• **Exercise**
Print the data exactly. Omit the pictures.

• **Supplied material**

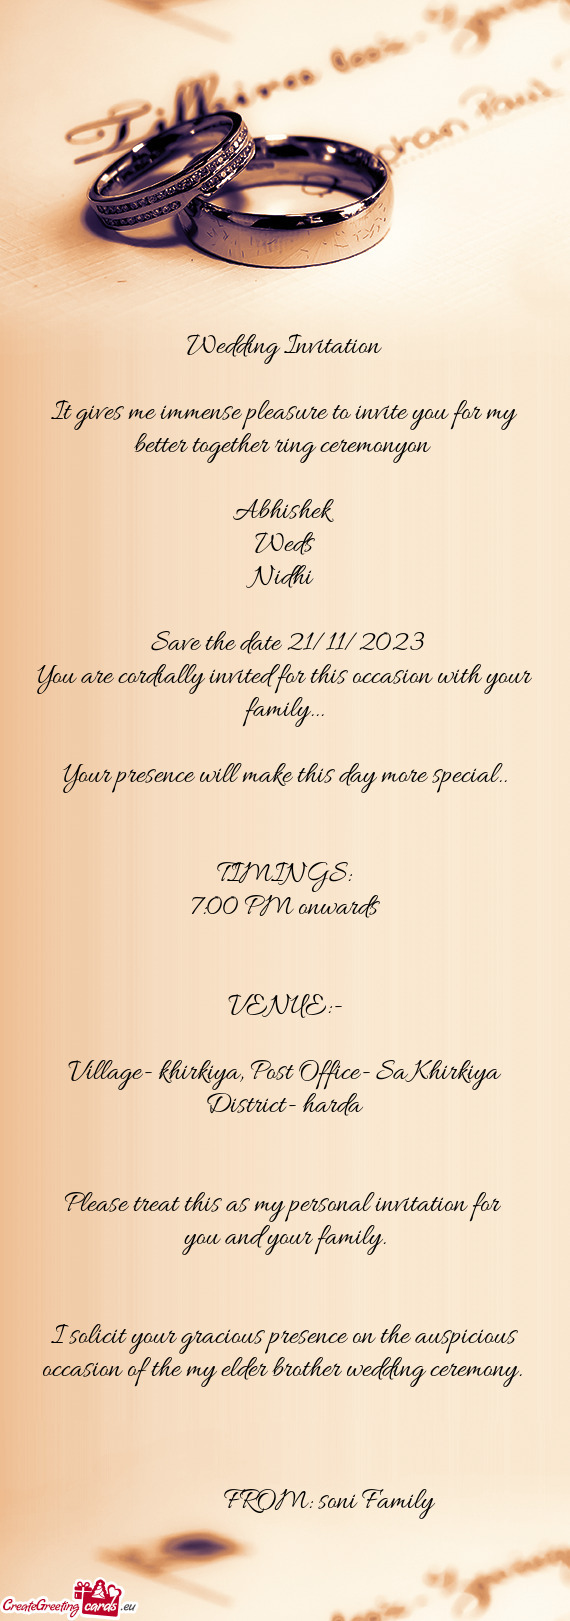 It gives me immense pleasure to invite you for my better together ring ceremonyon
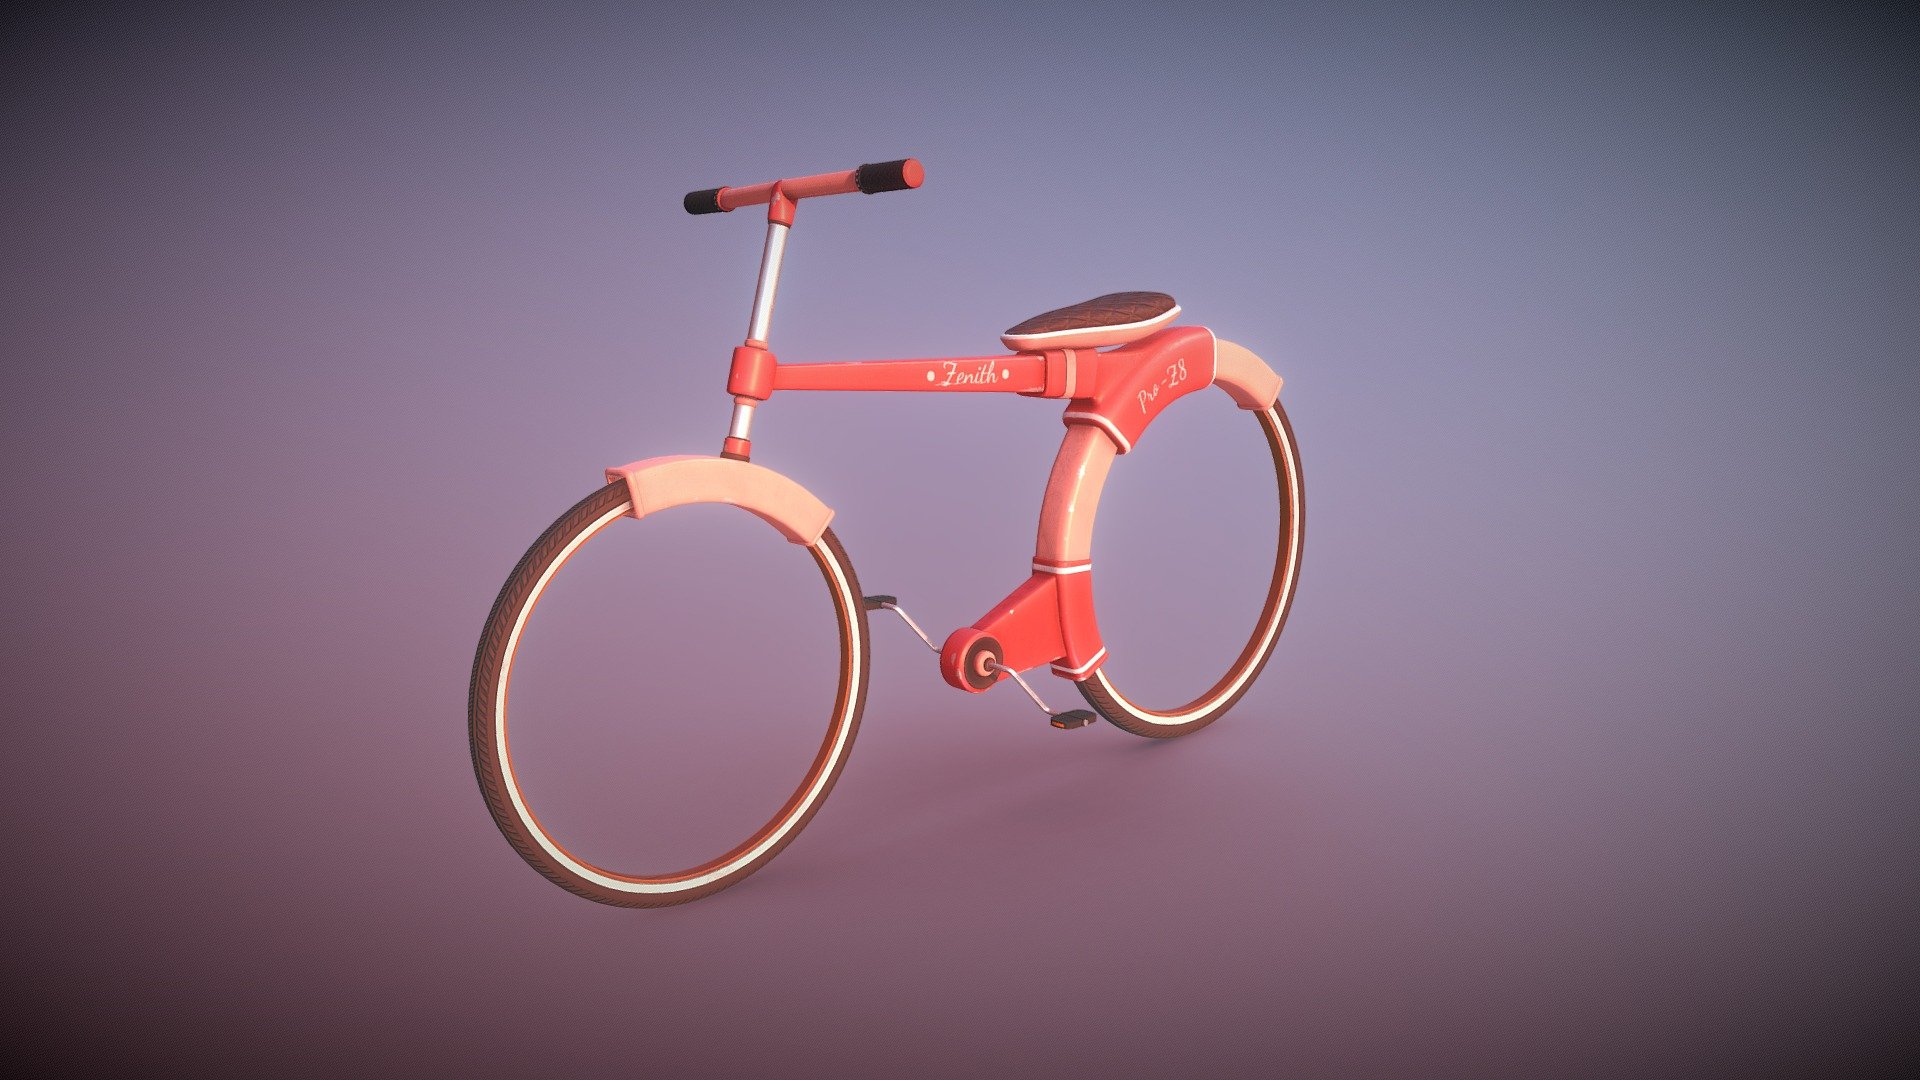 The Zenith Pro-Z8 bicycle! New semi-futuristic chainless bike! My stylized version of a chainless bike. I made this as part of set decoration for a much bigger project I'm currently working on. Modelled in 3DS Max (2021) and textured in substance painter 3d model
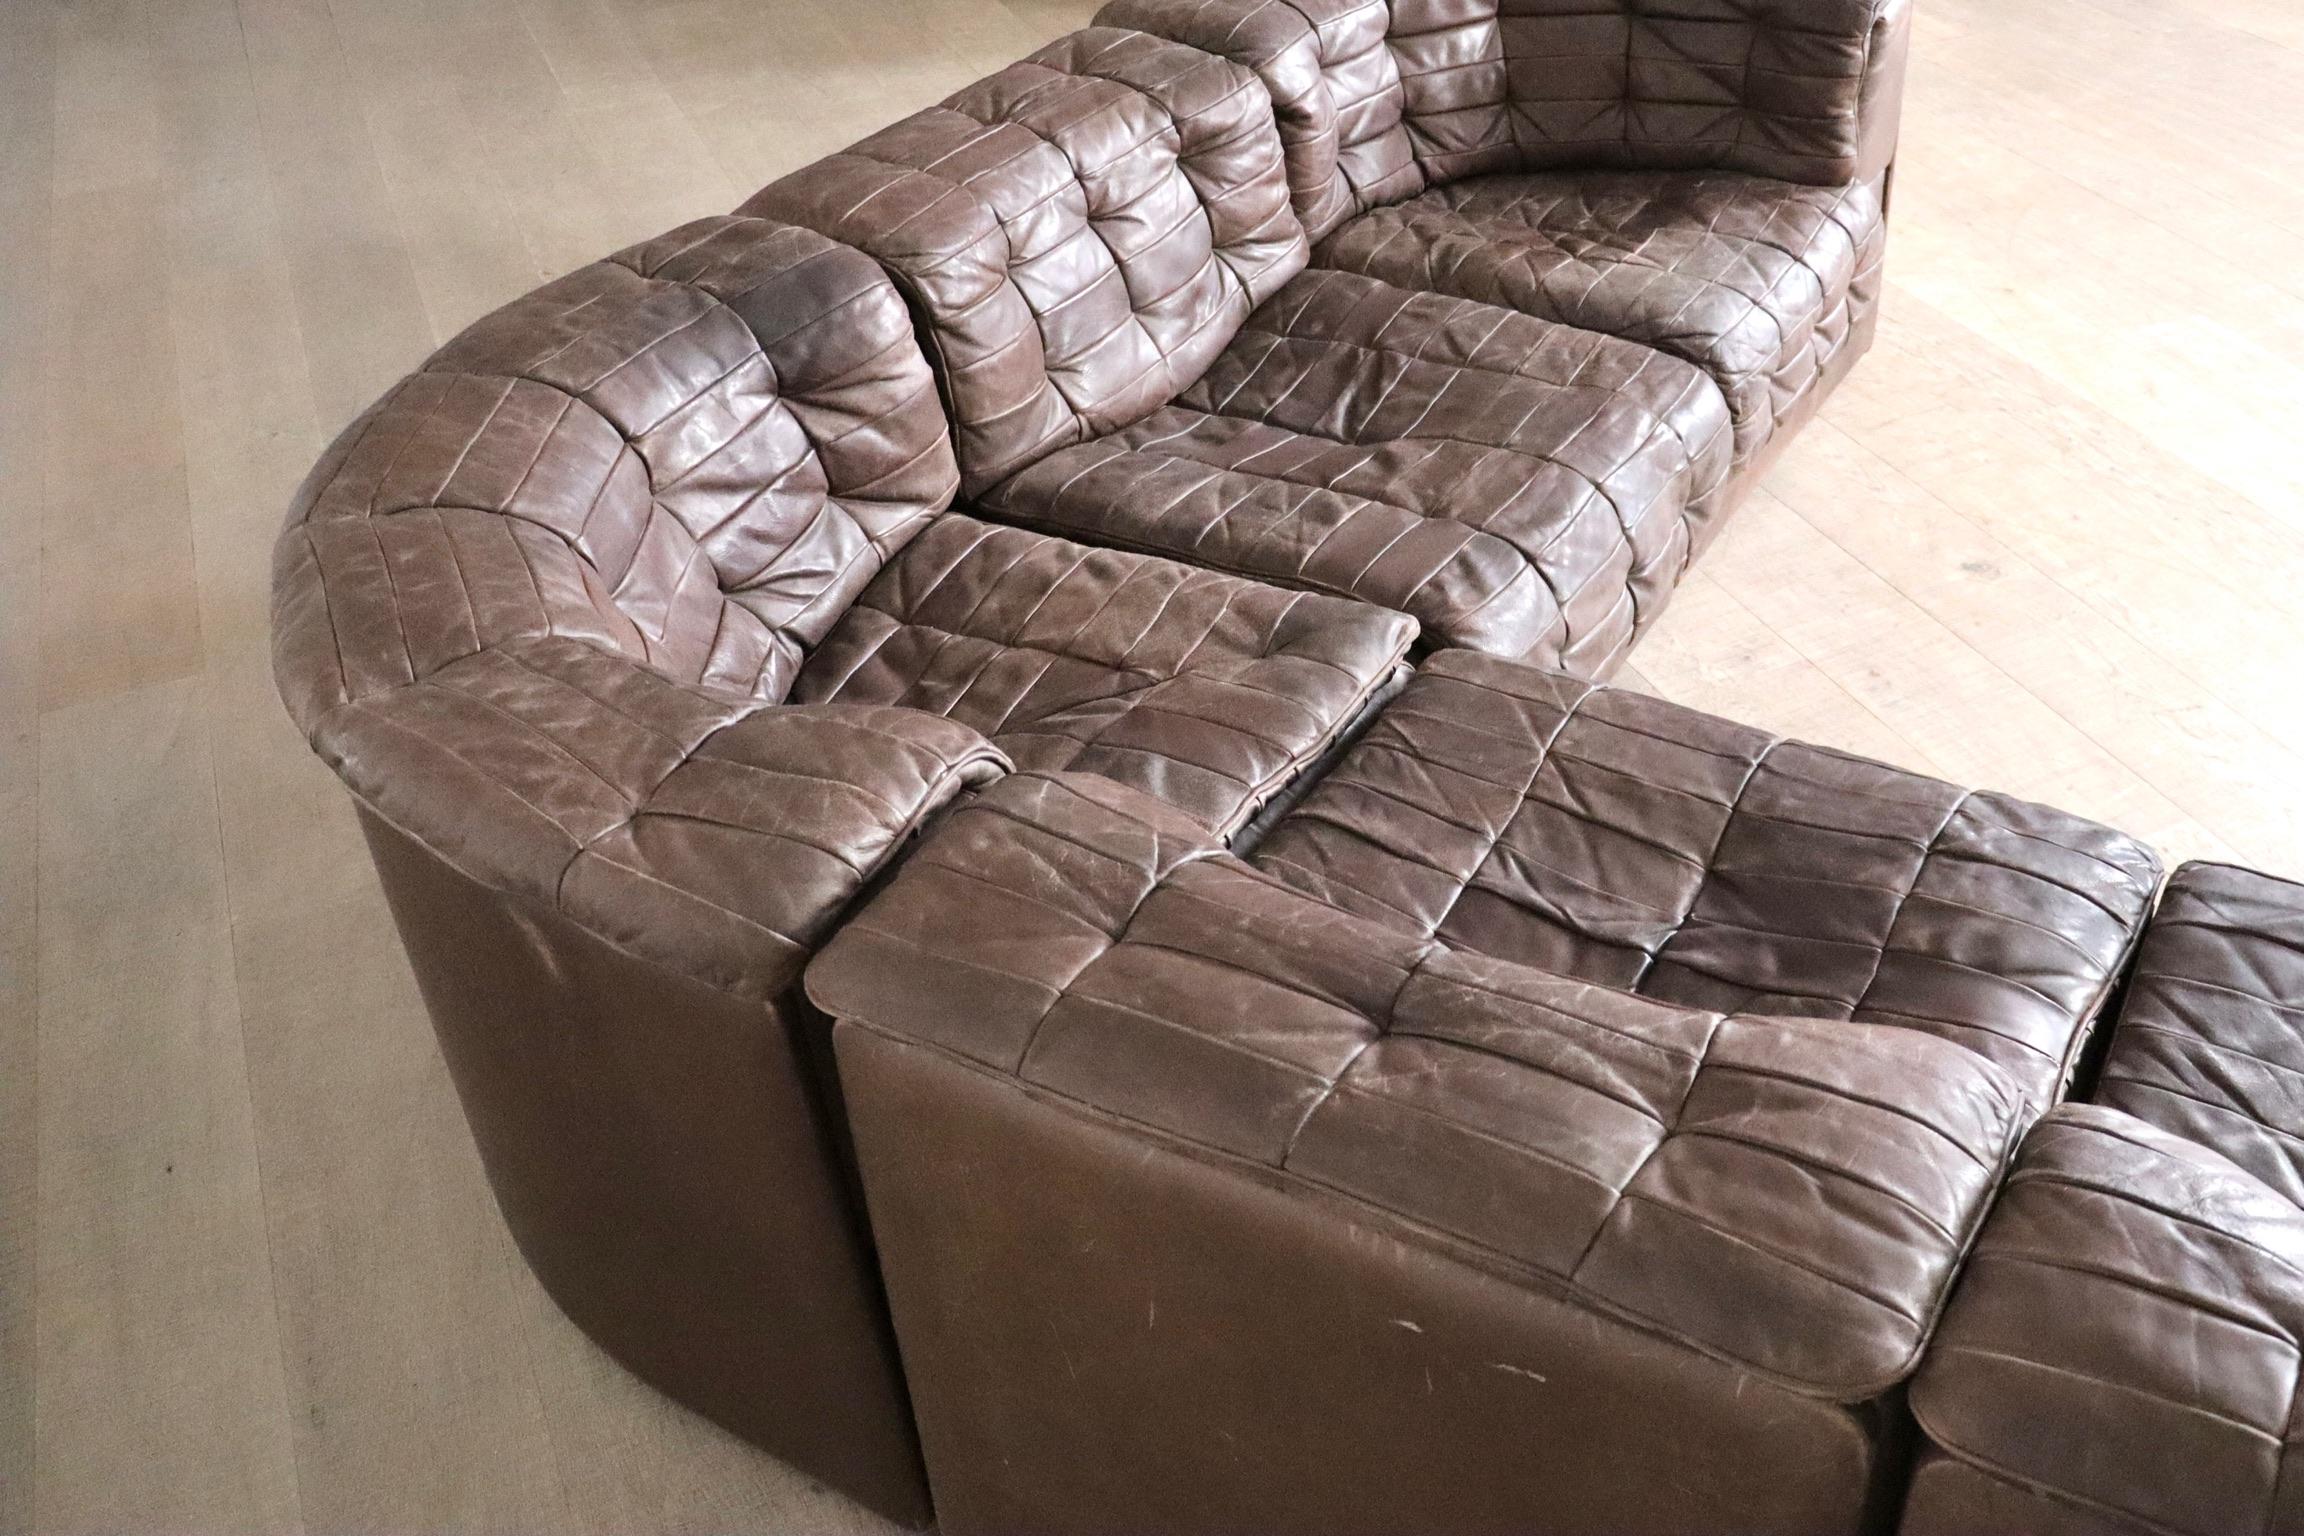 De Sede DS-11 Modular Sofa In Brown Patchwork Leather, Switzerland 1970s For Sale 3

• **Answer space**
 It gives me immense pleasure to invite you for my better together ring ceremonyon
 The Zenith Pro-Z8 bicycle! New semi-futuristic chainless bike! My stylized version of a chainless bike. I made this as part of set decoration for a much bigger project I'm currently working on. Modelled in 3DS Max (2021) and textured in substance painter 3d model
 De Sede DS-11 Modular Sofa In Brown Patchwork Leather, Switzerland 1970s For Sale 3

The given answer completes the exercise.